[Stored data — start]

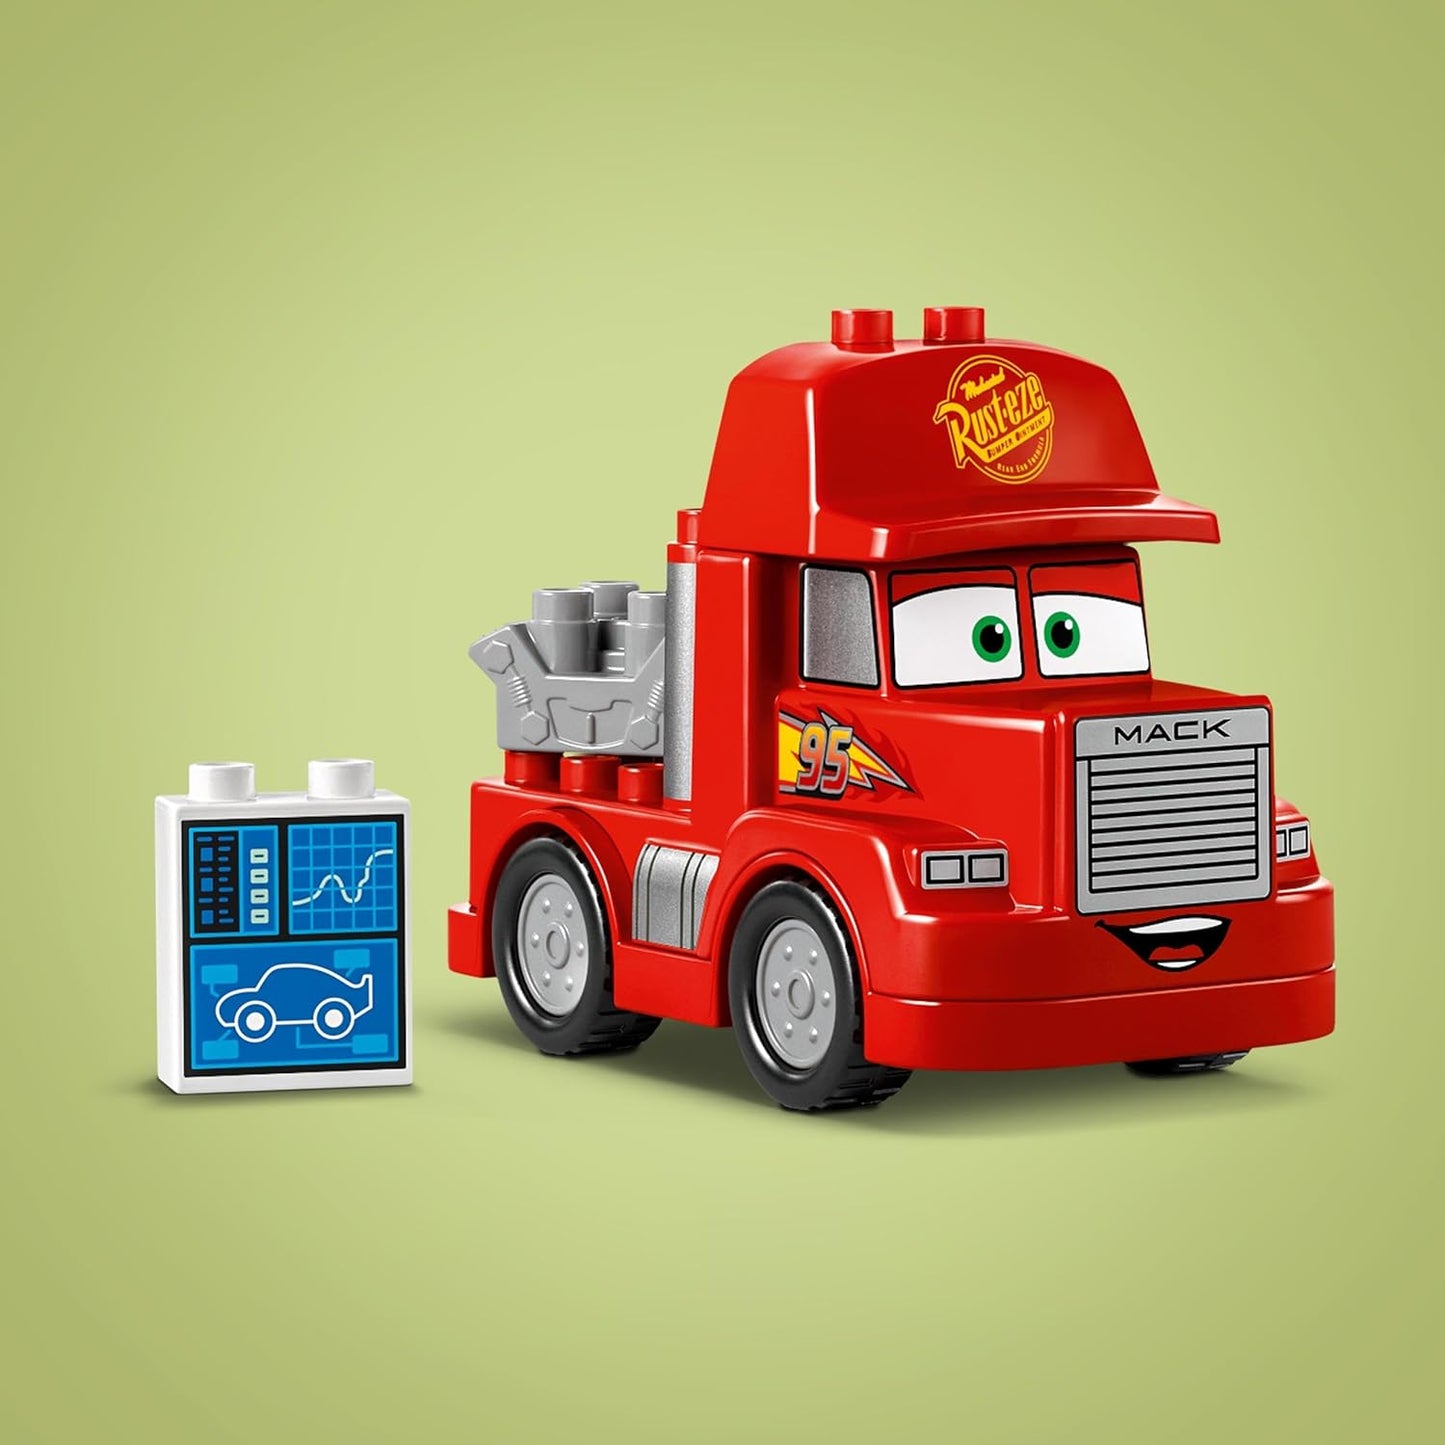 LEGO DUPLO Disney e Pixar’s Cars Mack at the Race Set, brinquedo de construção de caminhão para crianças, meninos e meninas com mais de 2 anos, Red Hauler edificável do filme, ideia de presente de aniversário 10417
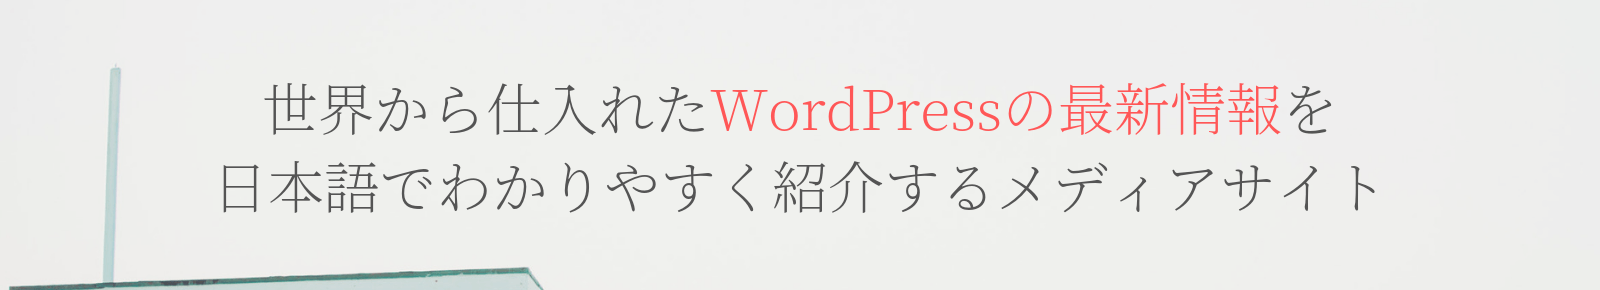 世界から仕入れたWordPressの最新情報を日本語でわかりやすく紹介するメディアサイト
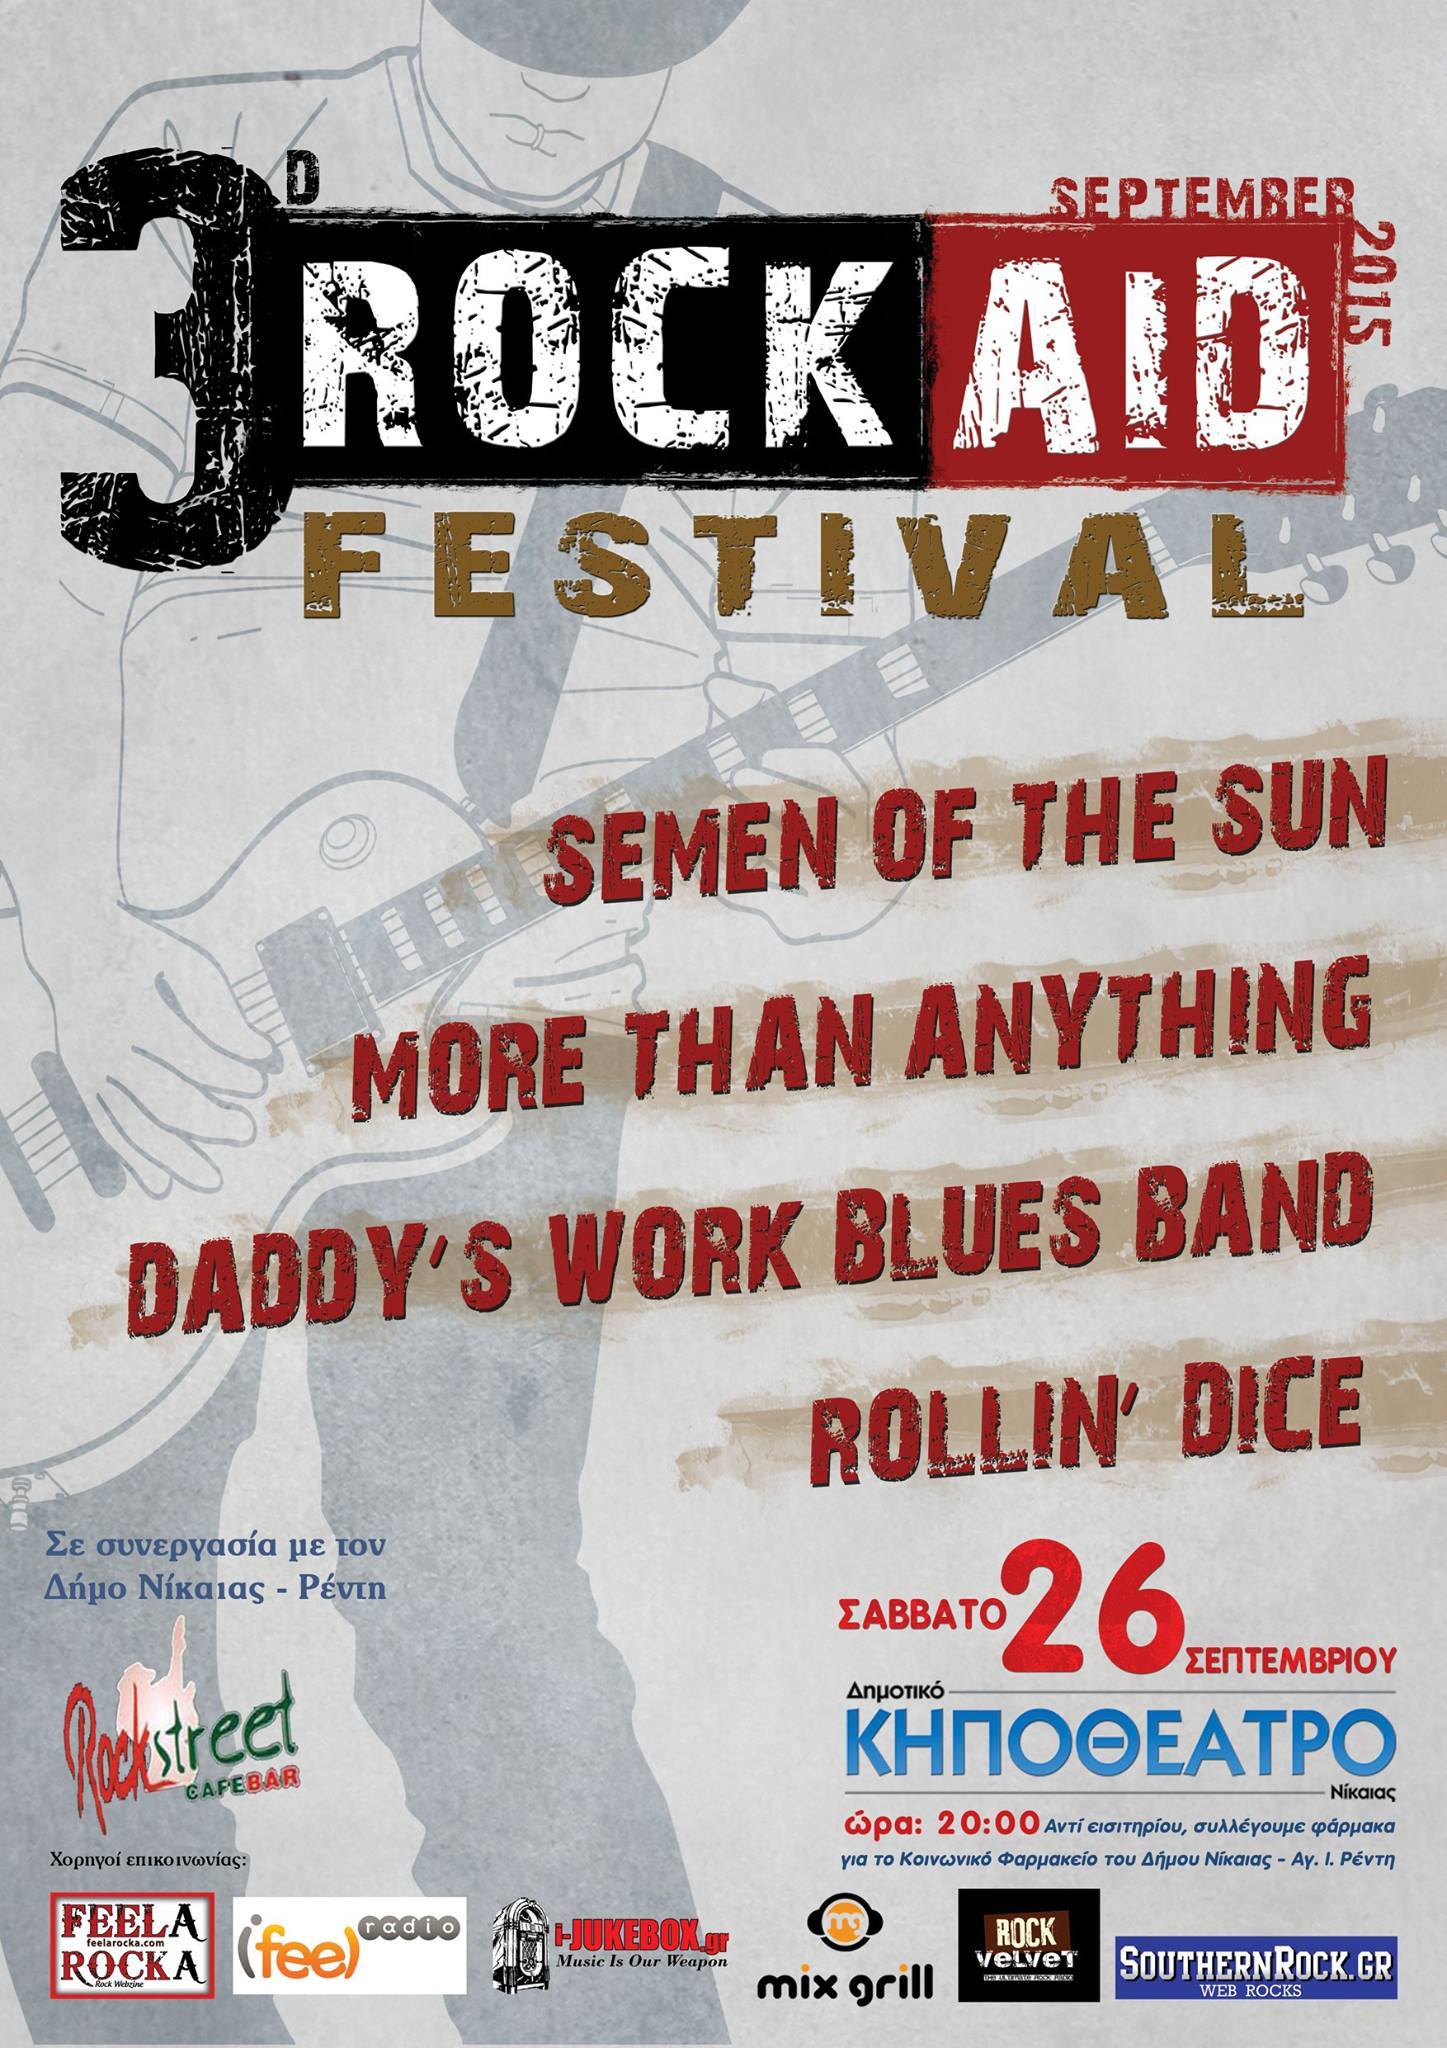 To 3d Rock Aid festival στο Δημοτικό Κηποθέατρο Νίκαιας

[Stored data — finish]

(What to work on): Repeat the material above exactly; any picture in it is left out.

(Output):
 LEGO DUPLO Disney e Pixar’s Cars Mack at the Race Set, brinquedo de construção de caminhão para crianças, meninos e meninas com mais de 2 anos, Red Hauler edificável do filme, ideia de presente de aniversário 10417
 世界から仕入れたWordPressの最新情報を日本語でわかりやすく紹介するメディアサイト
 To 3d Rock Aid festival στο Δημοτικό Κηποθέατρο Νίκαιας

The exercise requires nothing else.